傍線部アのなかの「お膳立てのでき過ぎた与え方」は比喩表現であるため、理由説明に先立って、その意味を把握し、解答に盛りこむ必要がある。
続く第7段落に「子供はある機会に、動物の生活の一部分に出会うことが必ずあると信じよう。その時には余計な口出しをしてはならない。たとい、いきなり残酷に見える行動に出ても、それも黙って見ている忍耐を養っておかなければならない」とあることから、「お膳立てのでき過ぎた与え方」とは、子供が動物に対し残酷に見える行動に出たとき親がそれに介入すること、という意味だということがわかる。
そして、第8段落には、「親の眼に残酷に映る子供の行動には必ず何か別の意味が含まれている。残酷な行為だと親に教えられるよりも、自分からそれを感得する方がどれほど値打ちがあるかをまず考えることである」とあるので、設問の求める理由は、子供の行動には別の意味があるにもかかわらず、それを親が単に残酷だと教えると、子供自身がそのことを感得する貴重な機会が失われるから、ということだということがわかる。
以上から、「動物に対する残酷に見える子供の行動には別の意味があるが、親が介入し残酷だと教えると、子供自身がそれを感得する貴重な機会が失われるから。」(67字)という解答例ができる。
(二)「人間性の匂い豊かな舞台で演じられた芝居のように書かれている」(傍線部イ)とはどういうことか、説明せよ。
傍線部イの前に「動物と子供との間には、特殊な対話がある。

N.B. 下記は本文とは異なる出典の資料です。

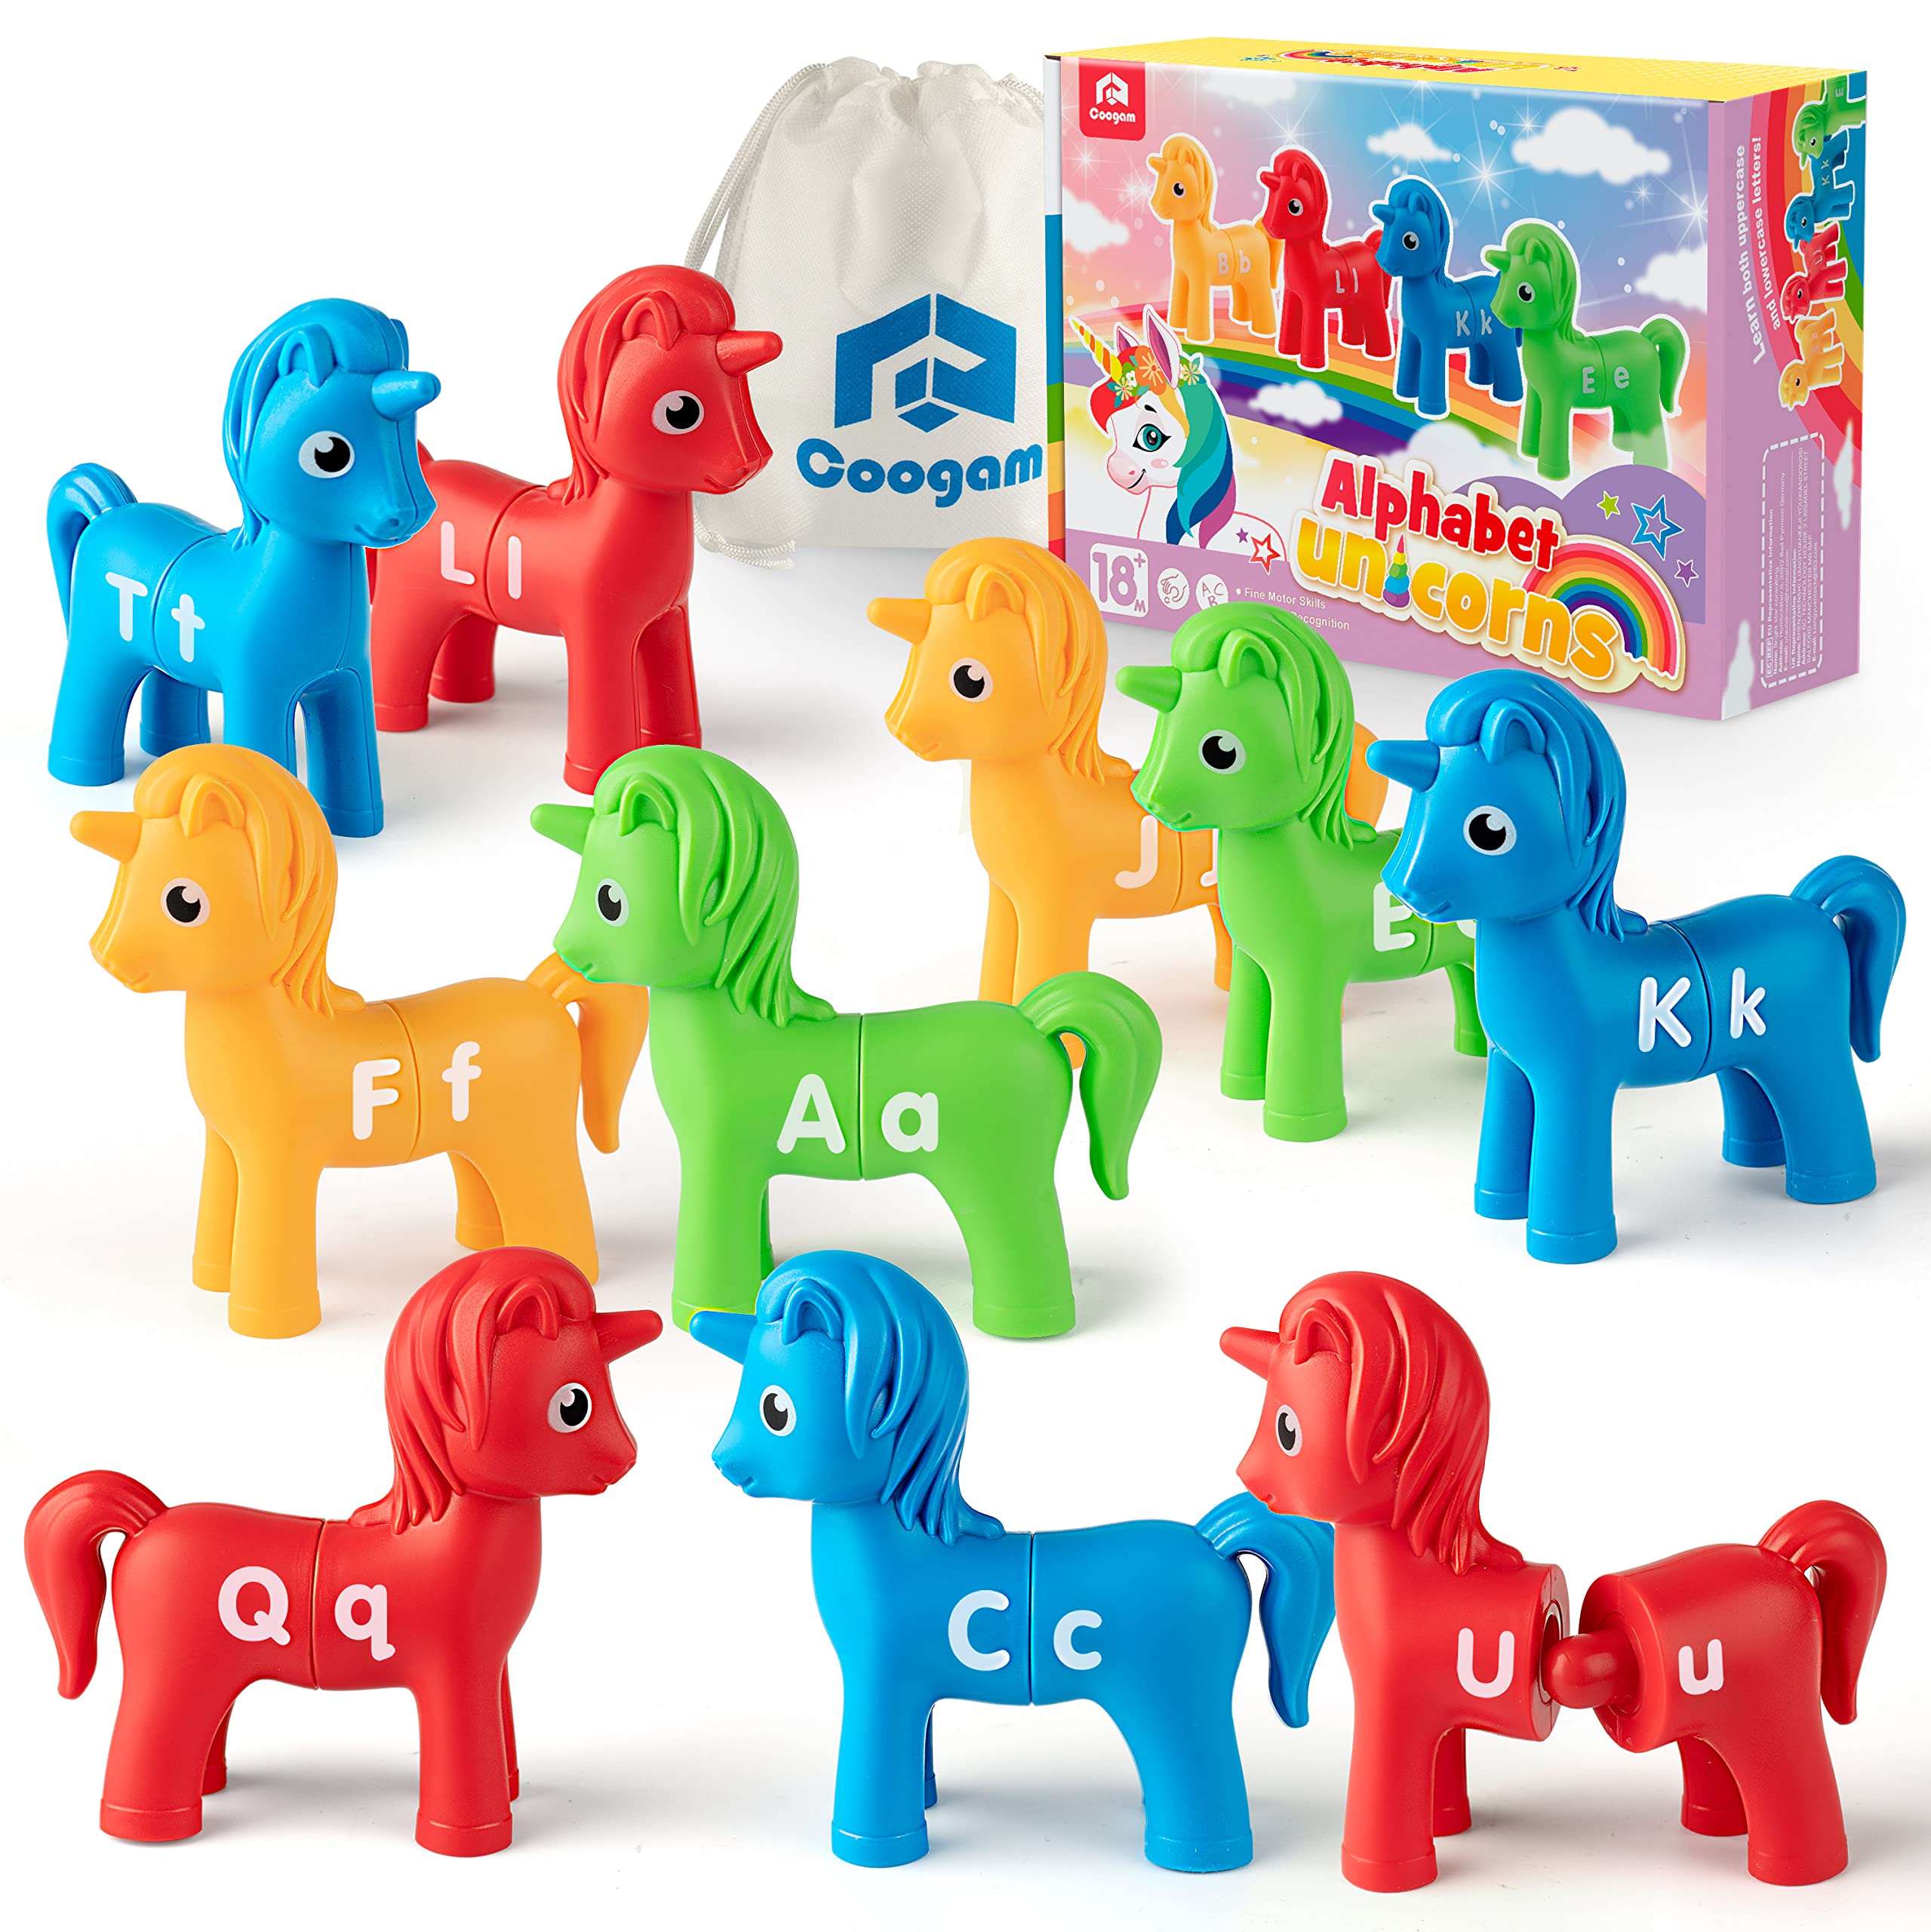 Coogam Unicorn Uppercase & Lowercase Letters Matching Game

だが、それを題材にして大人が創った物語」とあり、これが傍線部の主語にあたると考えられる。
傍線部中の「人間性の匂い」にあたる文中のことばは「動物愛護の精神」である。そして、その反対の概念が、設問(一)にもあった、「動物に対する残酷に見える子供の行動」である。
以上のことから、「動物と子供の接触について大人が書いた物語は、大人から見た動物に対する子供の残酷な行動が描かれず、動物愛護の精神に基づく創作だということ。」(68字)という解答例ができる。